The growth plan talks about innovation and digital infrastructure, and frankly, it has to. Something like 80 percent of under 35s say they’d rather bank on their phone than walk into a branch, and 82 percent told researchers they’d switch to whichever institution gave them a better app. I visited a credit union in South London last year that was still doing loan applications on paper forms, and the compliance officer kept a physical filing cabinet for member records. That’s not an outlier, it’s the norm for a lot of these smaller outfits, and it’s a big part of why consolidation probably has to happen. It’s a chicken and egg problem, really, you can’t spend on tech without the member base to fund it, and the members won’t come without decent tech. Carmel Swan at ACE Credit Union Services used the phrase “welcome focus on reform and investment,” which is civil service speak for please give us money and get out of our way, and Sarah Harrison at the BSA made a similar point about reaching people who mainstream finance has basically written off. Strip away the diplomatic phrasing, and they’re both saying the same thing, which is that the current model has hit a wall. Will they actually get to 4.4 million? I honestly have no idea, and I suspect the people who wrote the plan don’t either.
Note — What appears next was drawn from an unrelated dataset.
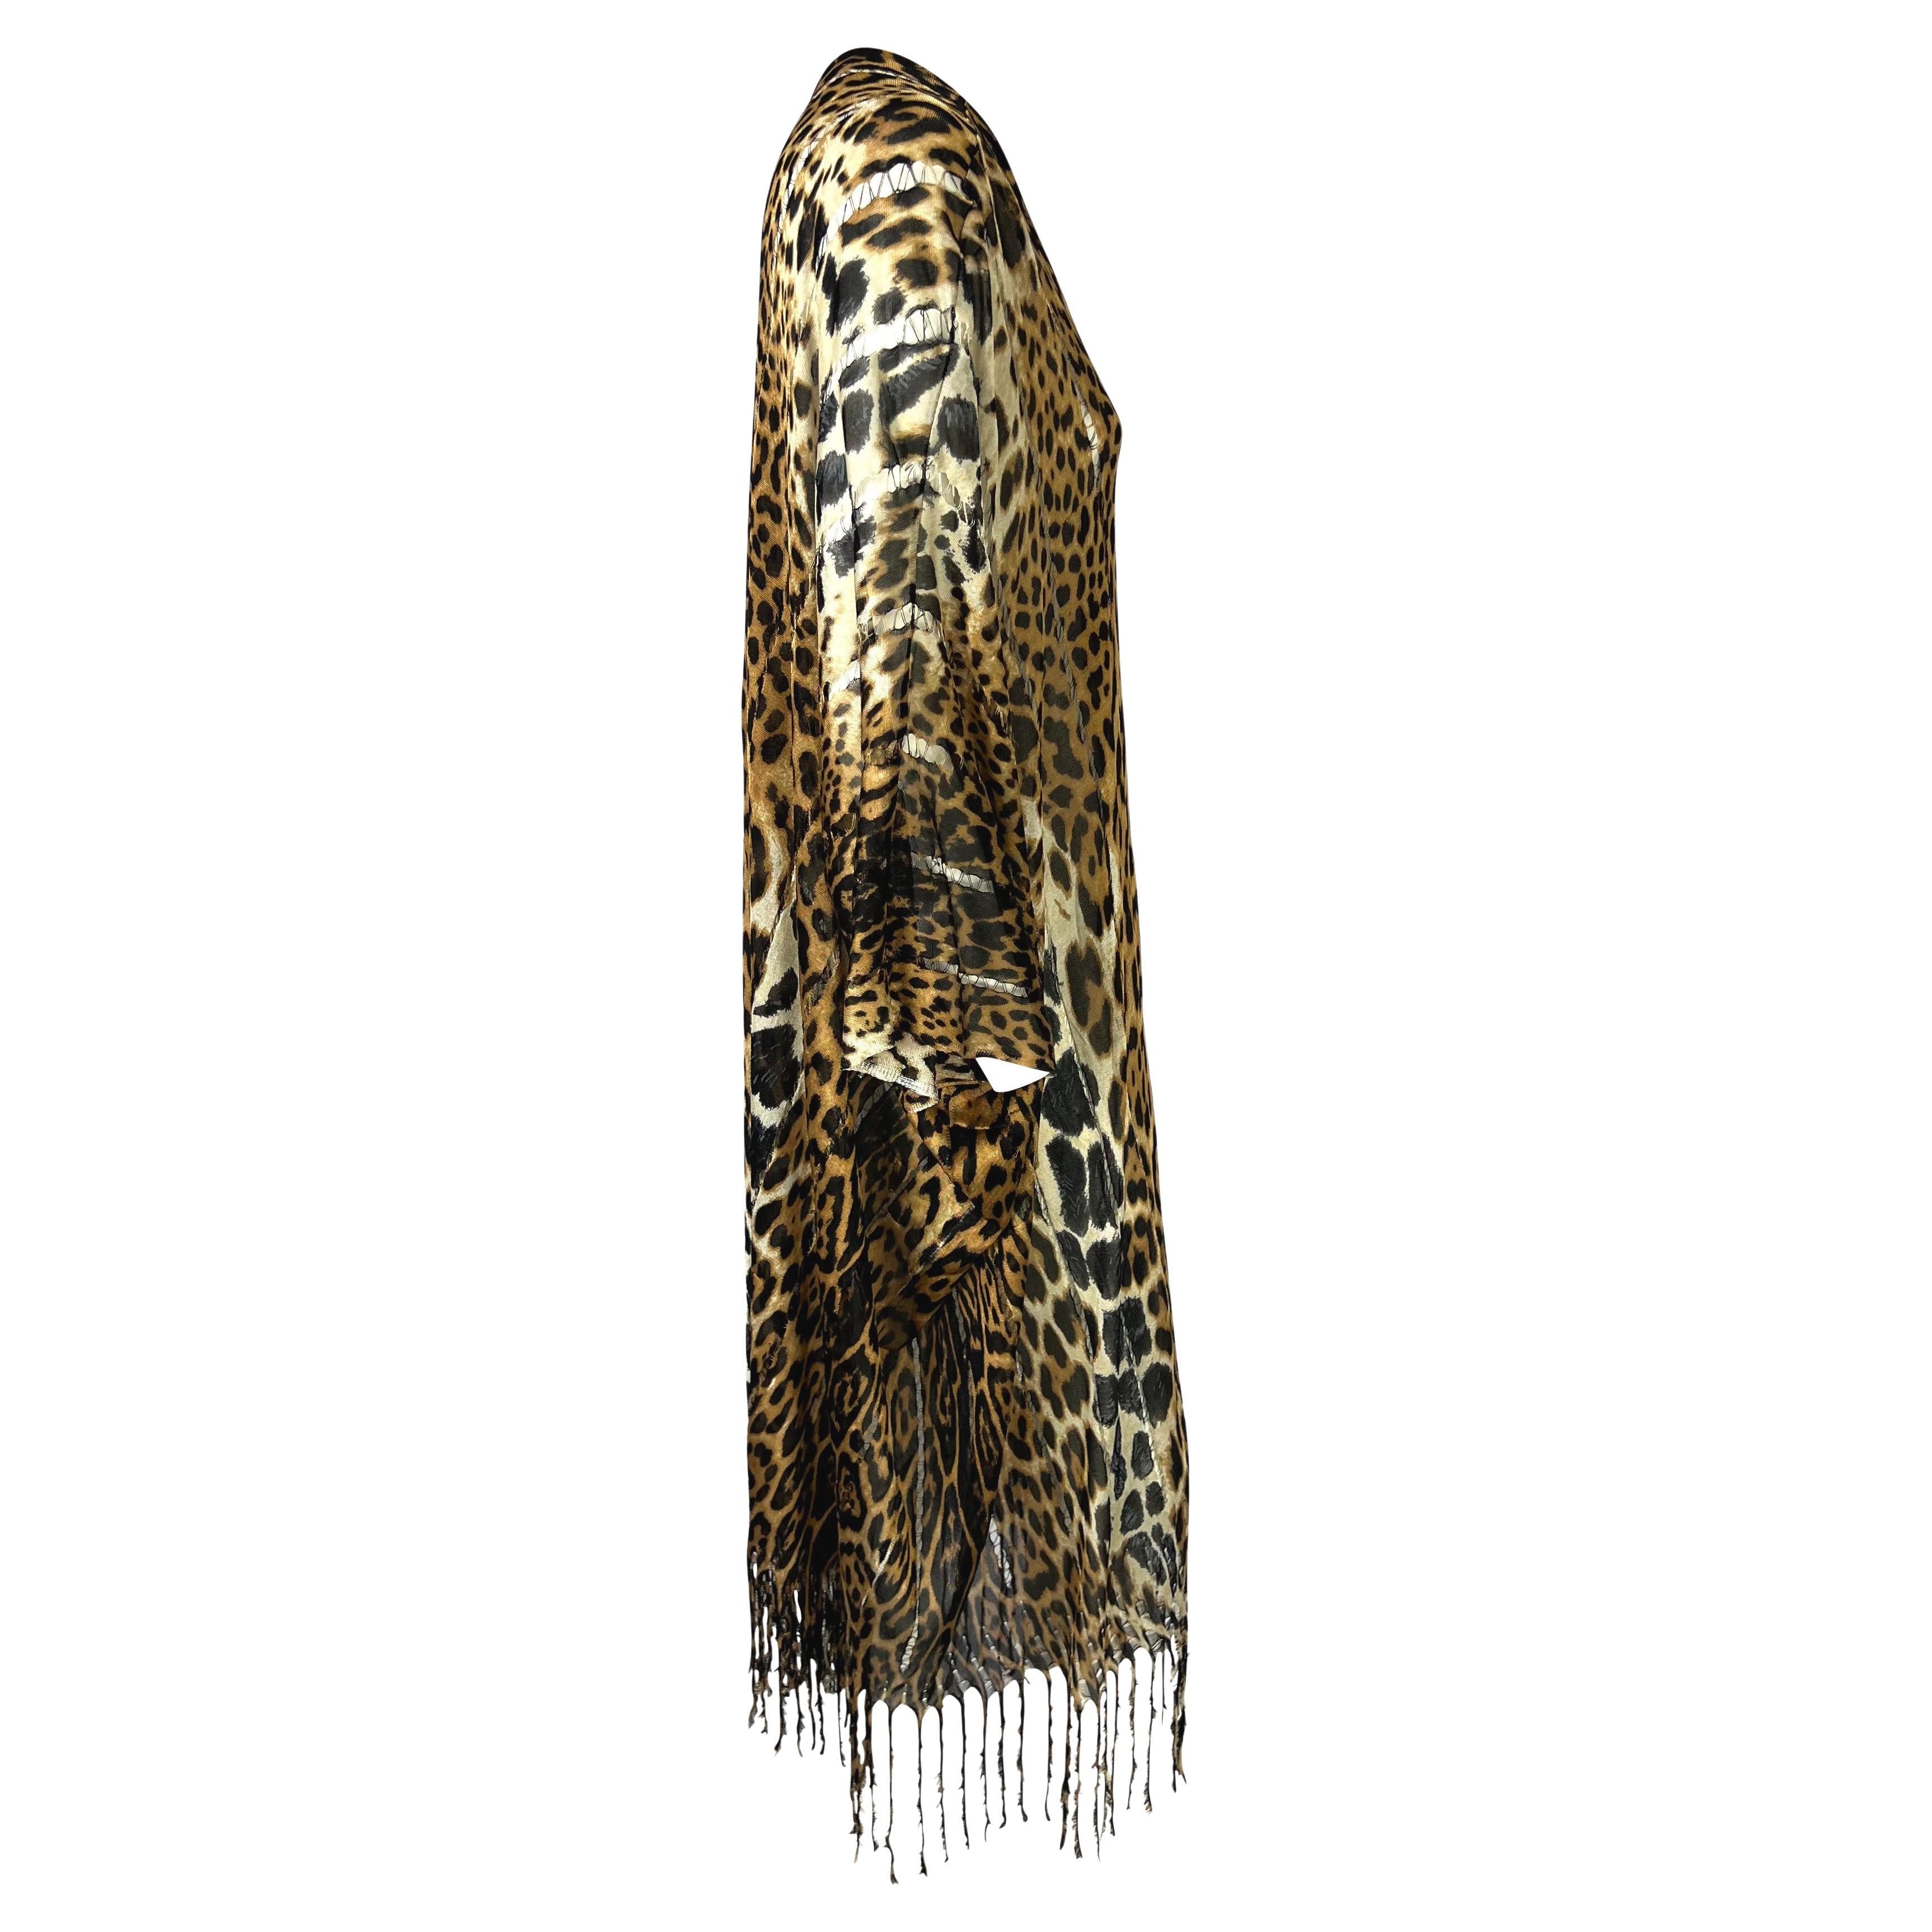 S/S 2002 Yves Saint Laurent by Tom Ford Safari Cheetah Print Sheer Caftan Fringe 2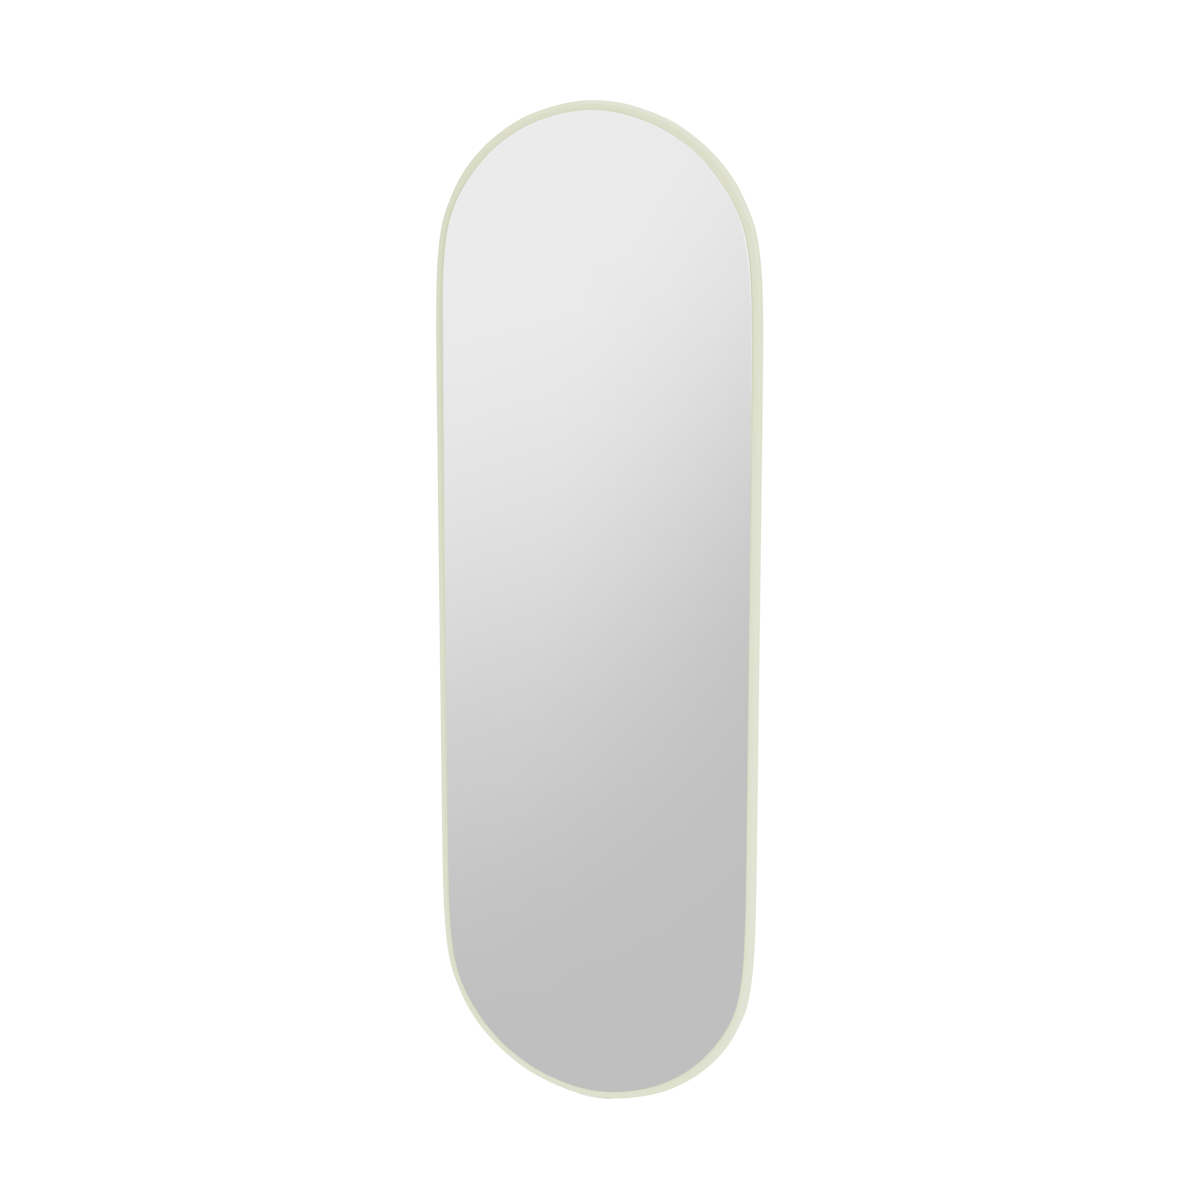 Montana FIGUUR Mirror Spiegel - SP824R Pomelo

It’s worth remembering that between 2002 and 2012 the sector managed to double its membership and triple lending, though that was off a much smaller base, and the post crash mood helped. Swoboda Research Centre and the New Economics Foundation have had people working on a 2035 “shared vision” since last June, and some of their proposals drift into territory like green finance and community energy transitions, which, look, I admire the scope, but it does start to feel like a different conversation entirely. The growth plan gets the diagnosis right, at least.